しかし、明治時代になり、維新の変革ですべてが西洋風潮となり、治療方法も西洋化し、鍼灸治療の優秀性を主張する医術者の努力も充分でなかった事もあって、明治28年2月の国会で「医師免許規則改正法律案」が僅かの票差で否決され、鍼灸医術はついに民間療法と位置付けをされてしまったのです。 このことは今日の医療費補助制度などにも大きな意味を持っております。 しかし、明治末期から昭和期にかけて先覚医学者が実験研究で治療効果を認め、鍼灸の免許資格も制定される等、終戦までは過去の経験至上主義から、学理・科学的な解明研究が大いに進みました。 終戦の一時期、米国の占領下では施術の禁止令が行われた事もありましたが、病原の明らかな病気は新薬で即座に治癒するが、慢性内因性の病気が一向に良くならない現状や副作用の心配等もあり、東洋医術の特に鍼灸が、これらの病気や現代人の体質改善や保健医療として必要だという意識に変わり、次々の科学的事例も研究発表され、今日又、鍼灸を見直す環境が出来上がりつつあります。 こうして鍼灸の歴史を振り返ると、その時、その時代の考え方で治療方法としての取り入れ方に浮沈はあっても、この鍼灸治療を見つけ出す為に何千年もの体験で育てあげた、人間の英知の結集であるこの治療法が、現代人にも必要とされており、今後、鍼灸方法や材料等に多少の変化はあっても、人間が生きていく上で、最も簡素で合理的な治療法として永続して行くことと確信しております。
伊吹もぐさの歴史
まず材料の話からになりますが、お灸の主材料はモグサであり、原料はヨモギ(蓬)であります。 ヨモギは山野に野生する菊花植物の多年草でありますが、他の植物に比べ栄養分が多く、元来ヨモギは仙人草で下熱剤・駆虫剤・利尿剤・止血剤としての効能があります。 又、モグサは「燃え草」の意味も有り、古代より木を擦って火を起こす時の点火材(ホグチ)として、点火しやすく消え難いという長所があり、お灸材の必要条件と合っております。 モグサにおいては、ヨモギの葉の裏面の灰白色の毛が、モグサの品質上、非常に重要ですが、わが国では、江州伊吹山や越中・越後地方の山地のヨモギには葉の裏の柔毛が多いので、品質が良い上に製造上歩留まりも良いとされております。 滋賀県の伊吹山は、東洋医学全盛期の天正4年(1576年)頃に織田信長がポルトガル人に命じ、伊吹山麓一帯50町歩に薬草や優秀な山蓬草を移植させた時に始まり、薬草の山として認知されてから、400年以上の歴史があります。 東洋医学全盛期には今の滋賀県、福井県、富山県、新潟県などにもぐさの製造工場がありましたが、特に滋賀県では江州の商人の努力と才覚(江戸の遊女に伊吹のモグサの歌を歌わせる等の宣伝努力もしたと云う歴史もある)で、「モグサのことなら伊吹のもぐさ」と云われるほど、有名にしました。
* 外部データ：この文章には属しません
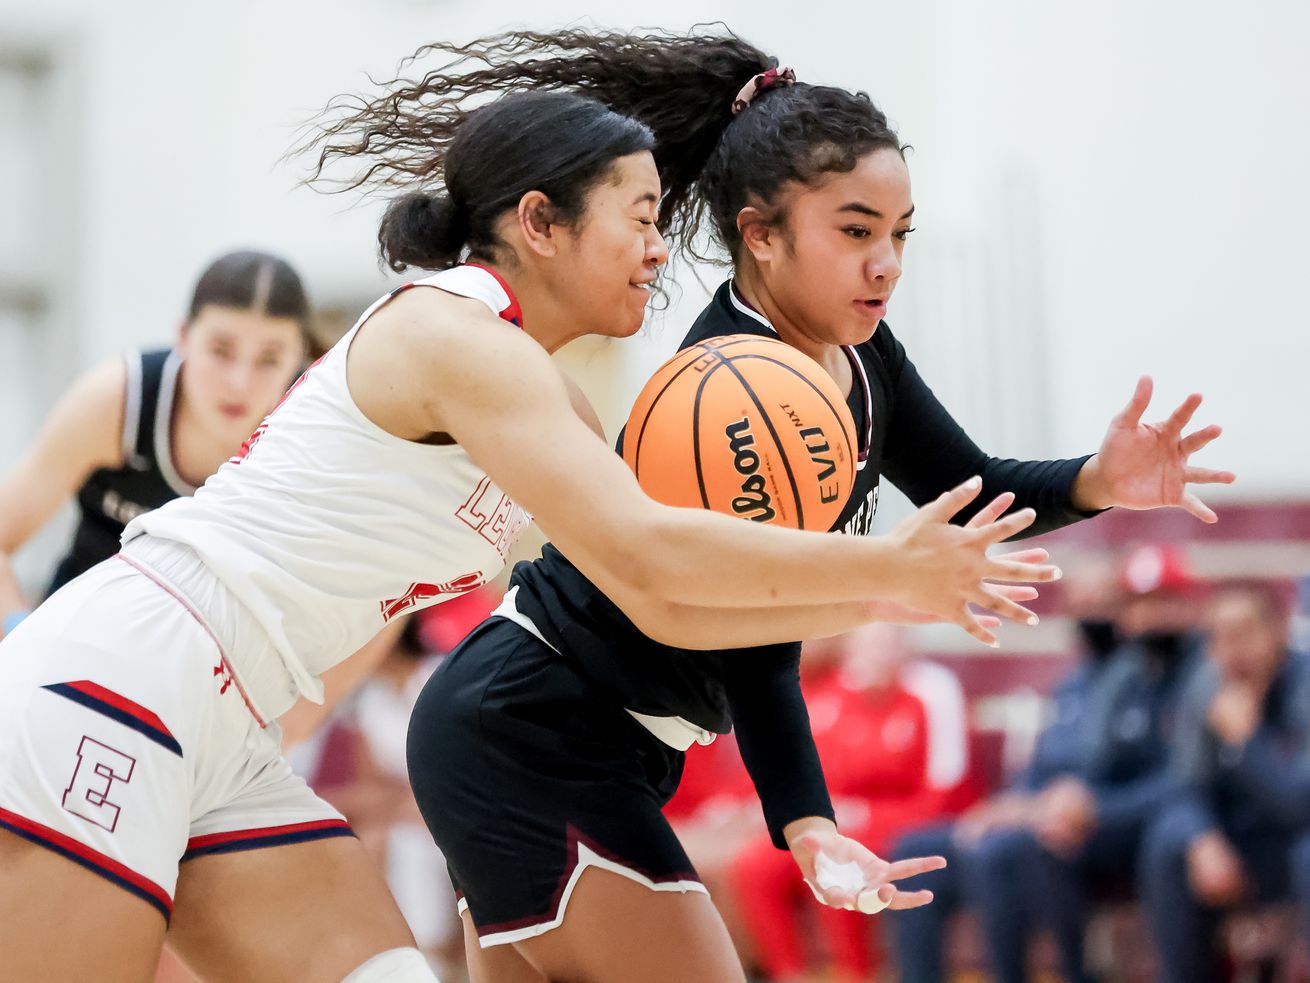 East’s Sila Tuakoi and Lone Peak’s Makeili Ika chase the ball in a girls basketball game at East High School in Salt Lake City on Tuesday, Dec. 7, 2021.

ただ、その頃から労働力や労賃の関係などで、江州の商人は次々と工場を北陸地方に移し、今で言う営業や宣伝に力を注ぎました。その後、医療の西洋化によってもぐさ工場は次々と閉鎖に追い込まれ、今では新潟や富山の工場だけが残っているだけです。 未だに、「伊吹もぐさ」を認知して頂いている方が多数おられるのは、それだけ広く知れ渡った歴史の表れです。そして今では、一つの”商品名”、あるいは高級もぐさの代名詞として使われております。

※弊社が扱う「国産もぐさ」はすべて新潟のモグサ工場で製造されたものを使用しております。